REQUIRED ACTION:
With the pictures omitted, write out all of the listing exactly.

GIVEN INFORMATION:
= Beginning of Section =

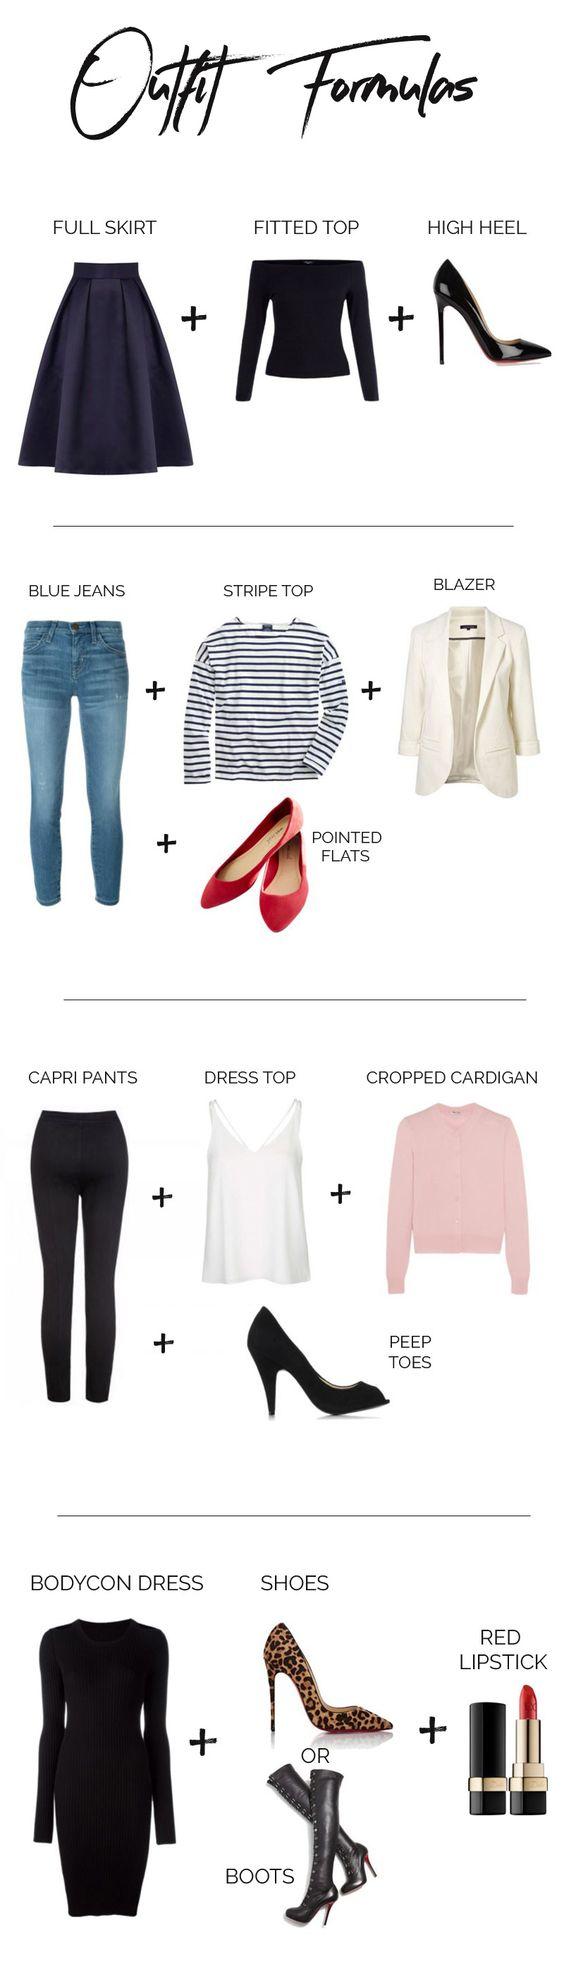 blog sittakarina - trik shopping baju murah tapi trendy
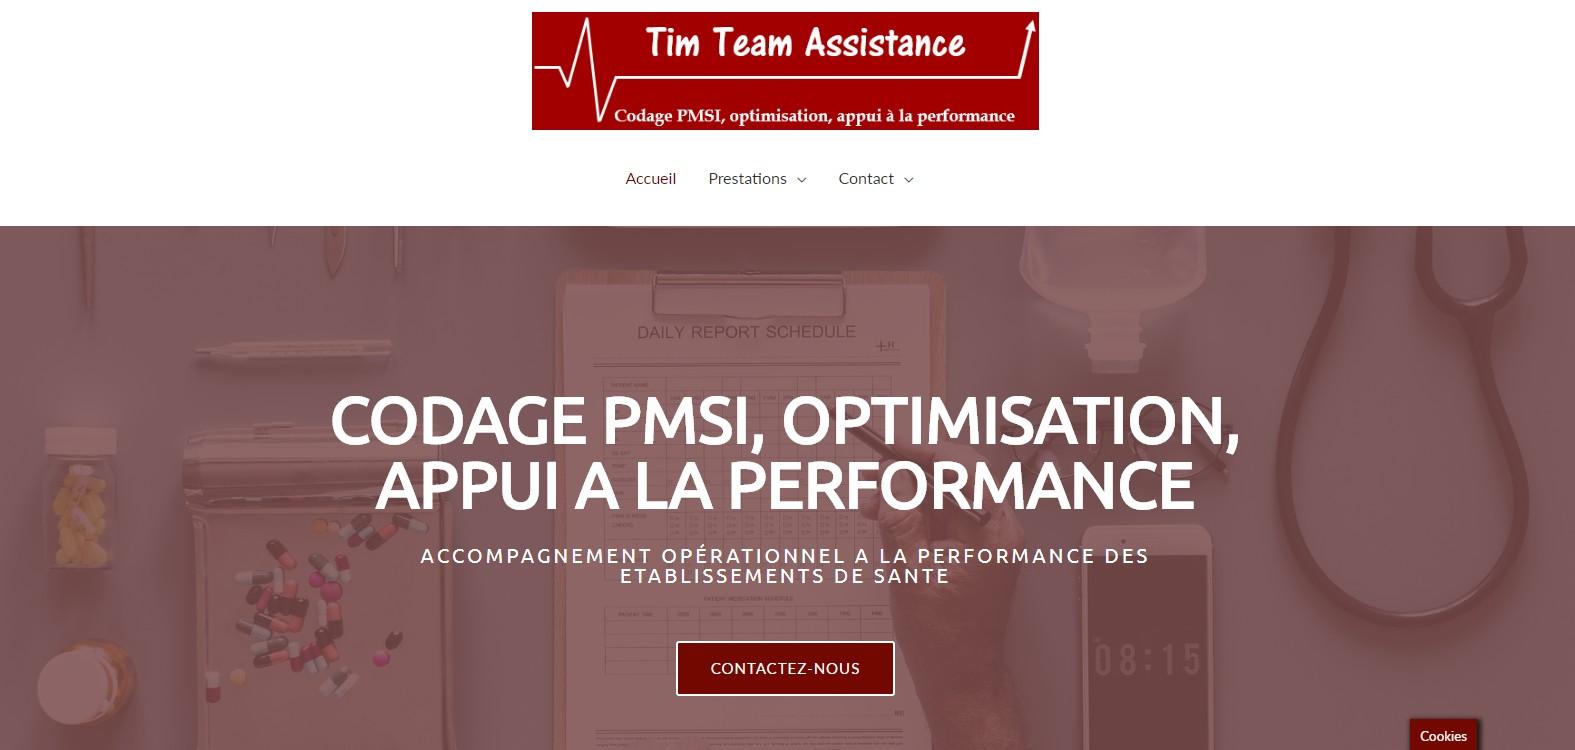 Tim Team Assistance - page d'accueil
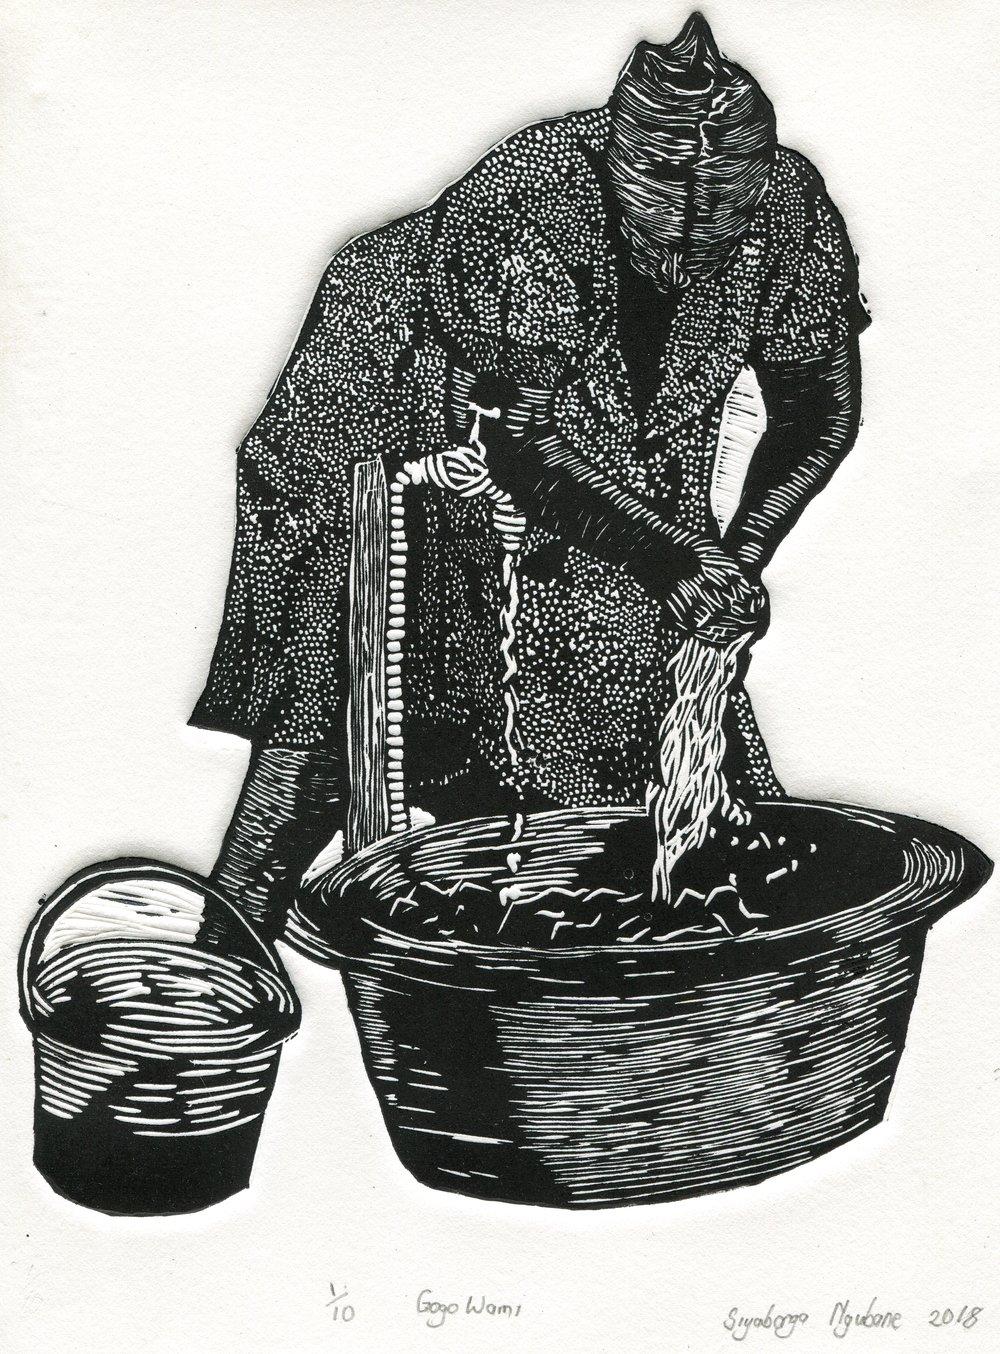 48b  Siyabonga Ngubane  Gogo wami  linocut print on paper

= End of Section =

ANSWER TO THE EXERCISE:
 blog sittakarina - trik shopping baju murah tapi trendy
 Tim Team Assistance - page d'accueil
 48b  Siyabonga Ngubane  Gogo wami  linocut print on paper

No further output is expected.